### EXERCISE OBJECTIVE
Below is a listing; write it out exactly and drop any images from it.

### SUPPLIED DATA

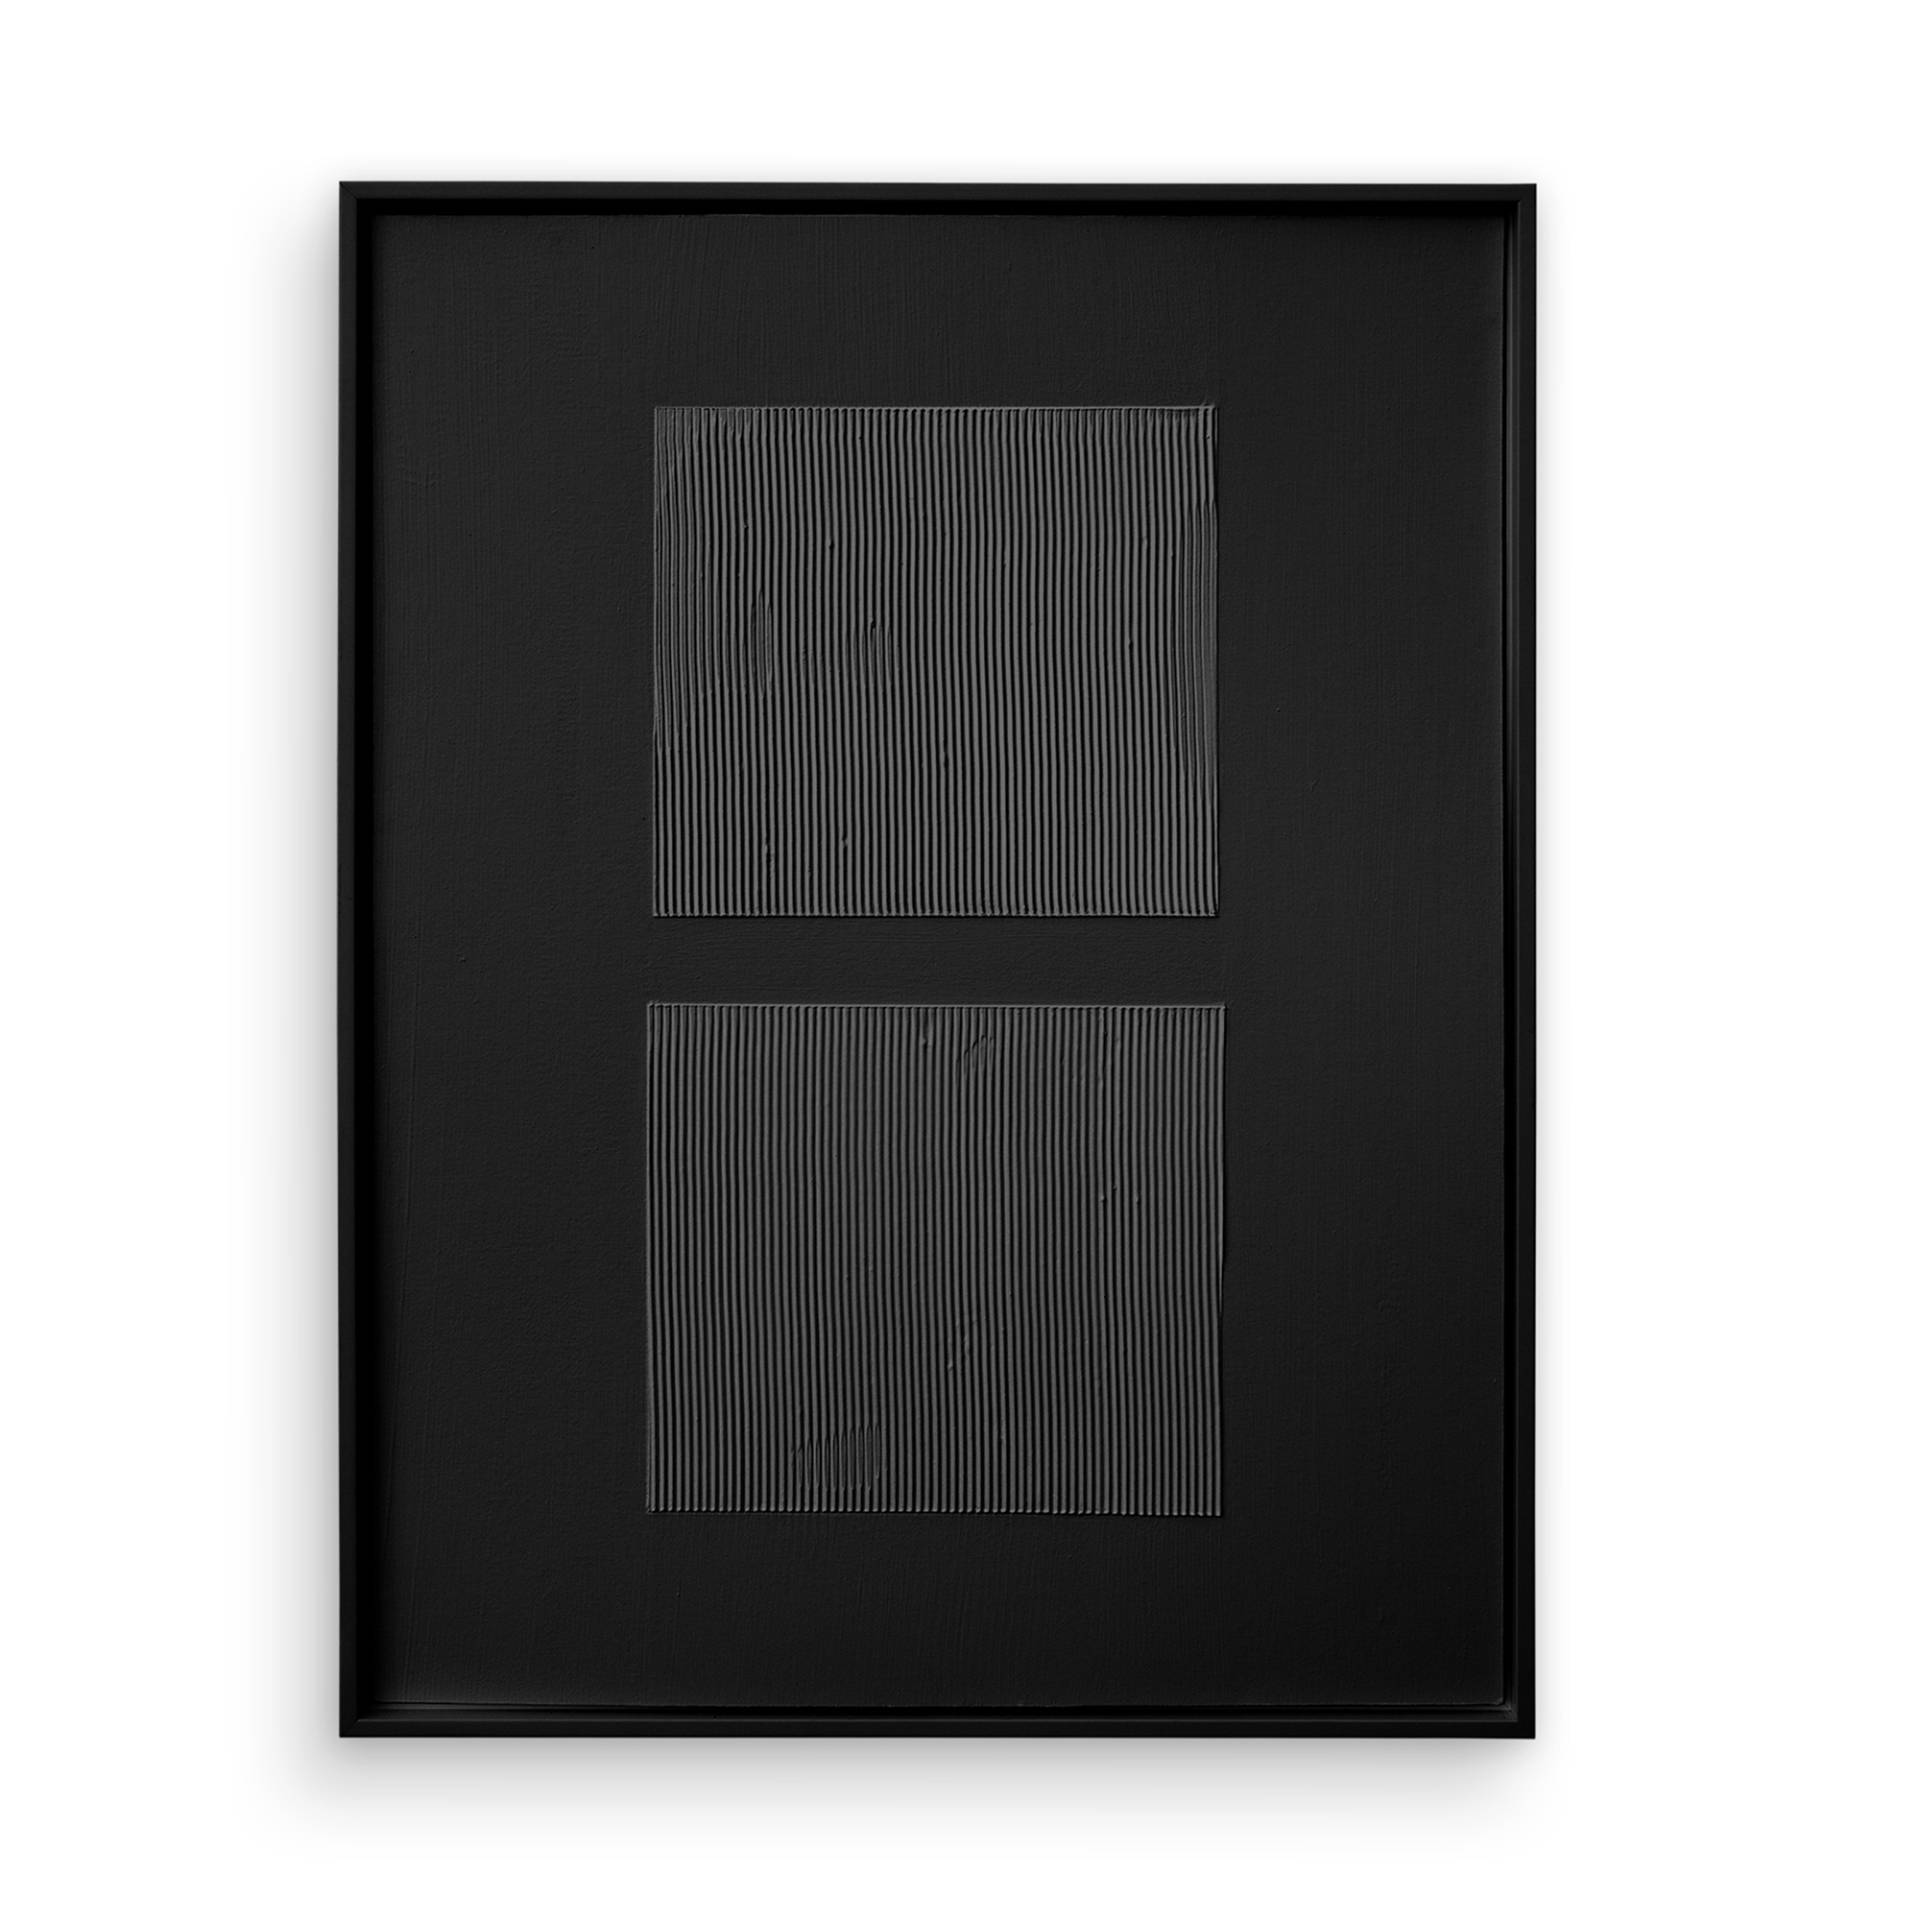 Studio Mykoda - SAHAVA Stripes 5 3D Wanddekoration 60x80cm - schwarz/Rahmen schwarz lasiert/BxH 60x80cm/Jedes Stück ein Unikat! von Studio Mykoda
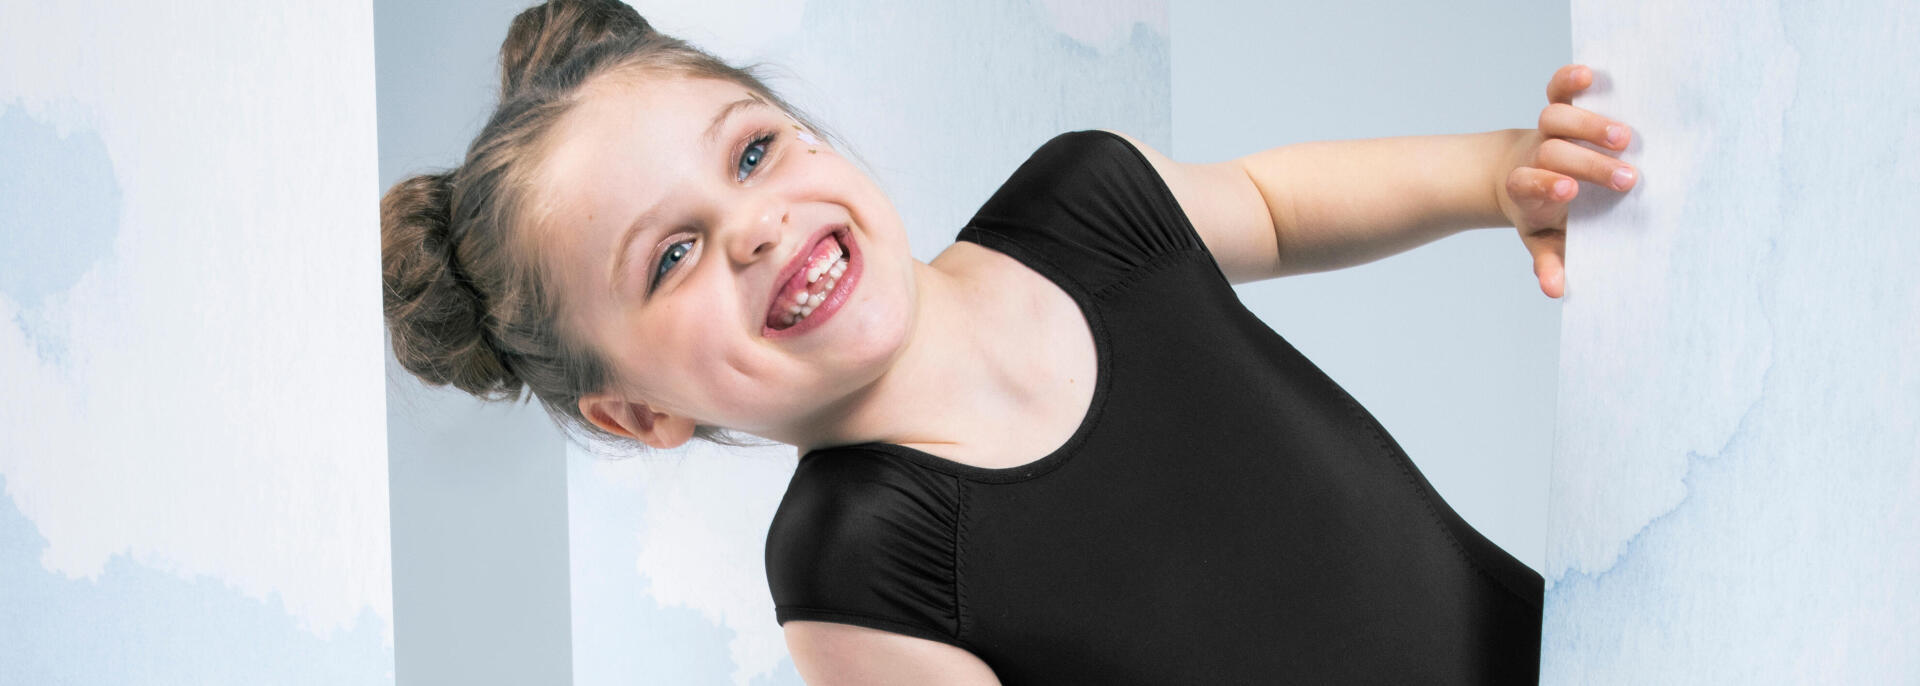 little girl smiling in a bodysuit for gymnastics
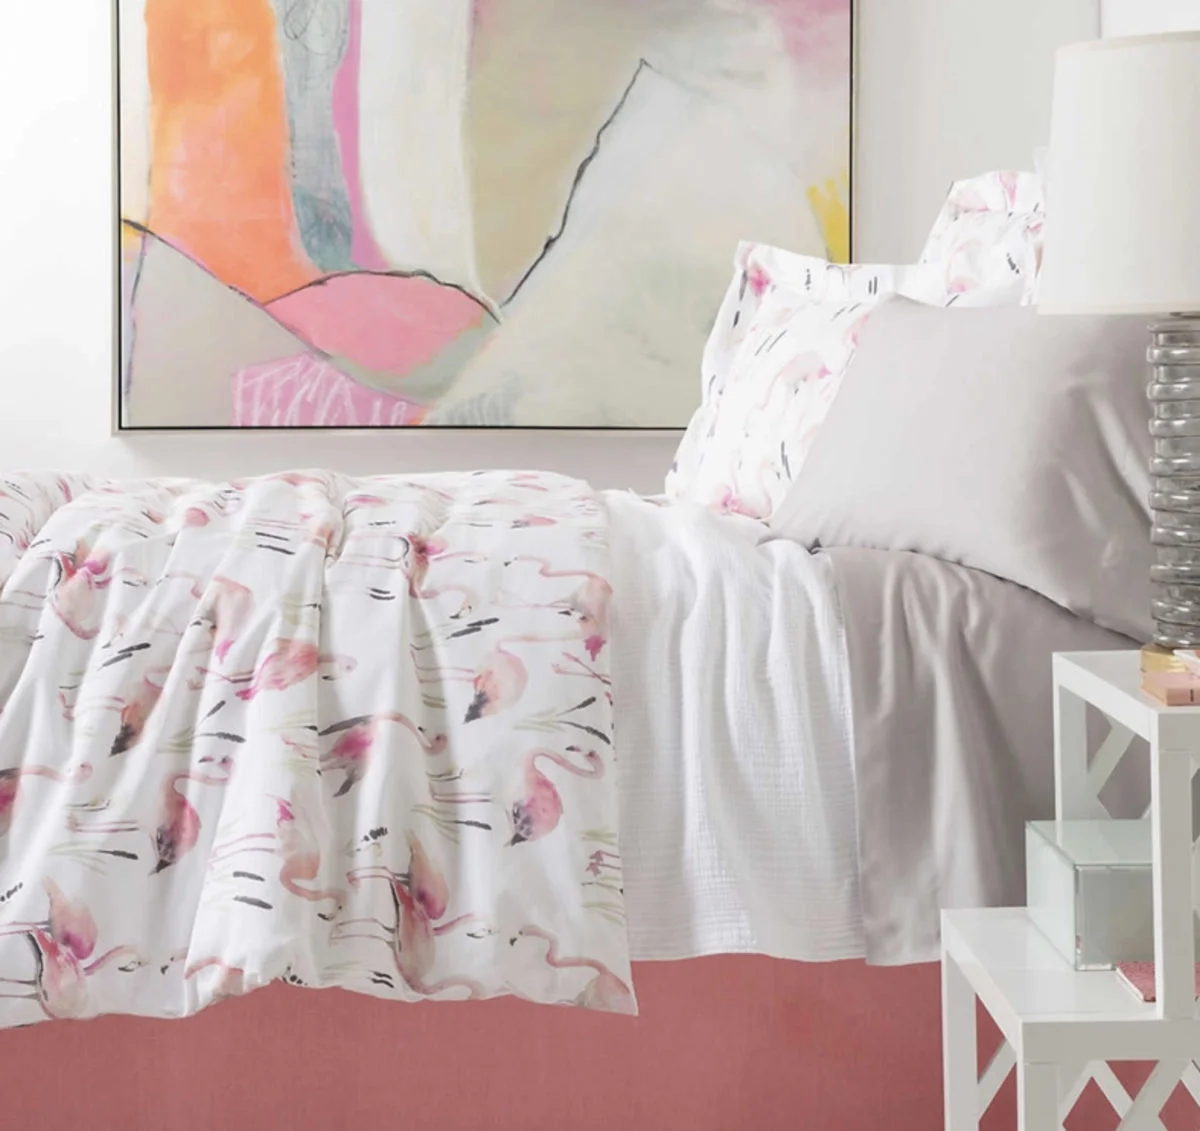 Pink Bed Room

### ANSWER TO THIS EXERCISE
 Studio Mykoda - SAHAVA Stripes 5 3D Wanddekoration 60x80cm - schwarz/Rahmen schwarz lasiert/BxH 60x80cm/Jedes Stück ein Unikat! von Studio Mykoda
 little girl smiling in a bodysuit for gymnastics
 Pink Bed Room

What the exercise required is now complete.